The answer might seem obvious. “Virtually every influential position in China is held by a party member,” as Bruce Dickson of George Washington University has noted. Leaks like the Panama papers have revealed the offshore riches accumulated by the families of party leaders. And Chinese social media will occasionally erupt over indiscreet displays of wealth or privilege by members, like the boss of a PetroChina subsidiary, spotted strolling through a Chengdu shopping district in June holding hands with a fashionable younger employee who was not his wife. Yet changes in the party and the economy may be eroding the material benefits of membership.

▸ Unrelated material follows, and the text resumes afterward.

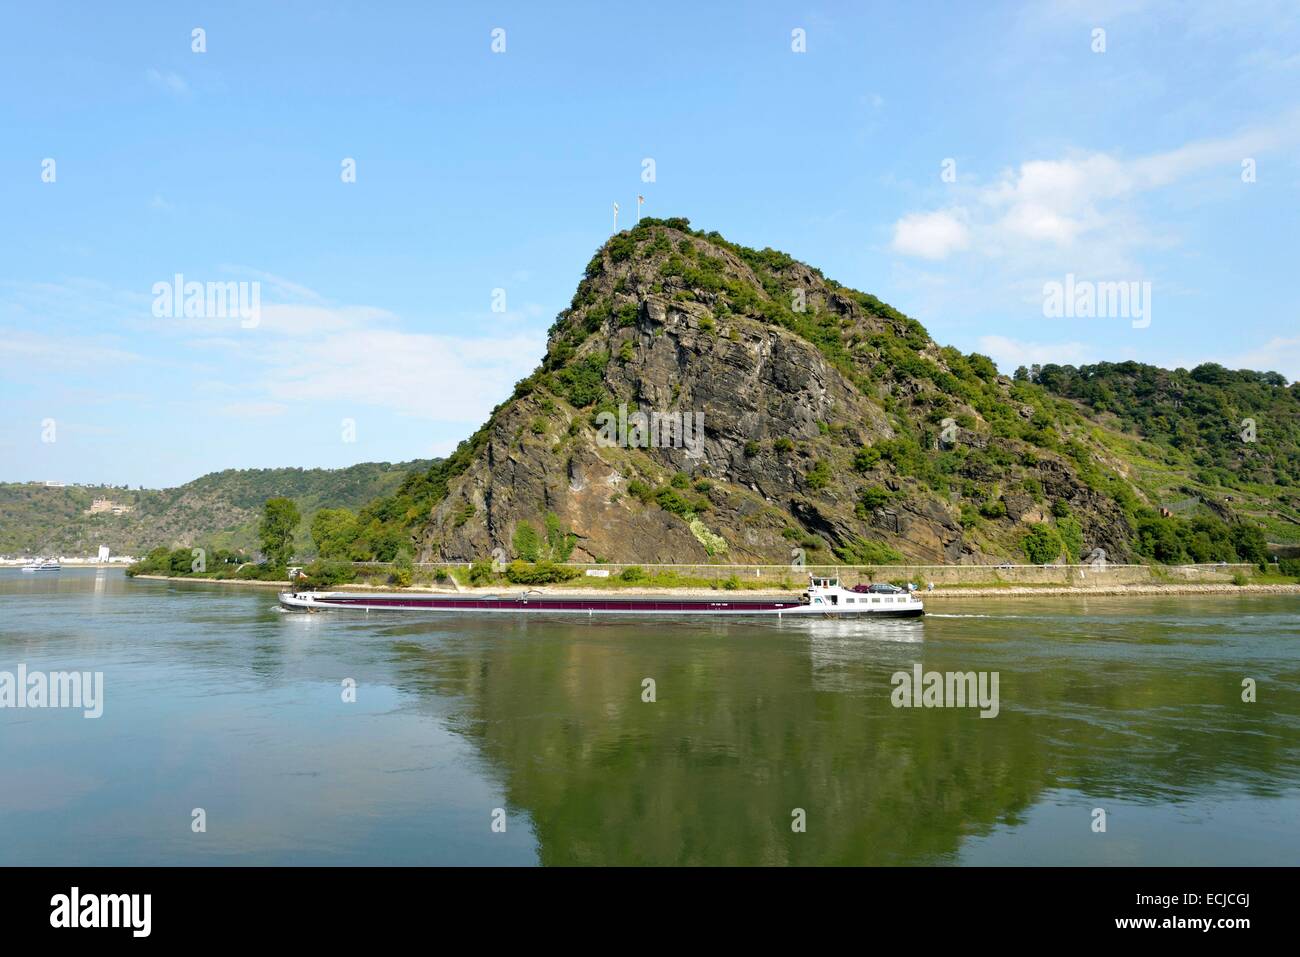 Germany, Rhineland Palatinate, the Loreley (Lorelei) rock near Sankt Goarshausen and the (Burg) castle of Katz, the romantic Rhine listed as World Heritage by UNESCO Stock Photo

Party members can be found at every rung of the economic ladder. Of the poorest tenth of Chinese households, about 14% contain a party member, according to the China Household Finance Survey by Southwestern University of Finance and Economics. A third of members are farmers and workers (down from two-thirds in 1994). Since becoming head of the party in 2012, Mr Xi has urged cadres to adhere to a less hedonistic lifestyle. “Incorruptibility is a blessing and greed is a curse,” he advised in a recent speech.

In work published in 2019, Plamen Nikolov of Binghamton University and co-authors calculate a 20% wage premium for members over similar workers. One reason, according to other research, may be that card-carrying communists are more likely to get jobs in state-owned enterprises (soes) and official institutions. Figures released in May show urban soes last year paid 89% more than private firms in cities. This gap has grown during Mr Xi’s reign.

But as any well-trained communist knows, true economic clout derives not from labour but capital. So how does party membership affect the assets people own, such as their stocks, bonds and property?

Recent research by Matteo Targa of diw Berlin and Li Yang of the Paris School of Economics reaches a surprising conclusion. The two economists look at the urban wealth distribution, as documented by the China Household Finance Survey. In each wealth bracket, some fraction of households include party members. If the fraction were to increase by one percentage point, what would happen to that bracket’s wealth? Messrs Targa and Li calculate that at the lower rungs of the wealth distribution, party membership makes a substantial difference. At the tenth percentile, for example, a one-percentage-point increase in party-membership rates would increase wealth by almost 0.9% (see chart). But the higher up you go, the weaker the financial rewards seemingly offered by membership. For households at the 93rd percentile and beyond, party membership makes no discernible difference at all.

One reason for this divergence is property. Among the middle and upper echelons of Chinese society, almost everybody now owns a flat, whether they are a member of the party or not. And so everyone in these wealth brackets has benefited from the long real-estate boom that ended in 2021. Home ownership is, unsurprisingly, patchier among people on the lower rungs of the ladder. For these households, party membership may be a decisive factor governing whether or not they own a flat.

In the five years since the household-finance survey was carried out, home-ownership rates in China have risen further. House prices have also recently fallen in cities, narrowing the gap between the propertied classes and everyone else. Both of these trends probably mean that becoming a communist confers less of a material benefit than it did five years ago, let alone 20 years back. Thanks to these economic forces, Mr Xi may get the more ascetic cadres for which he has been looking. His purges and rectification campaigns have abolished some of the perks of party membership. His mishandling of China’s property market may have helped, too.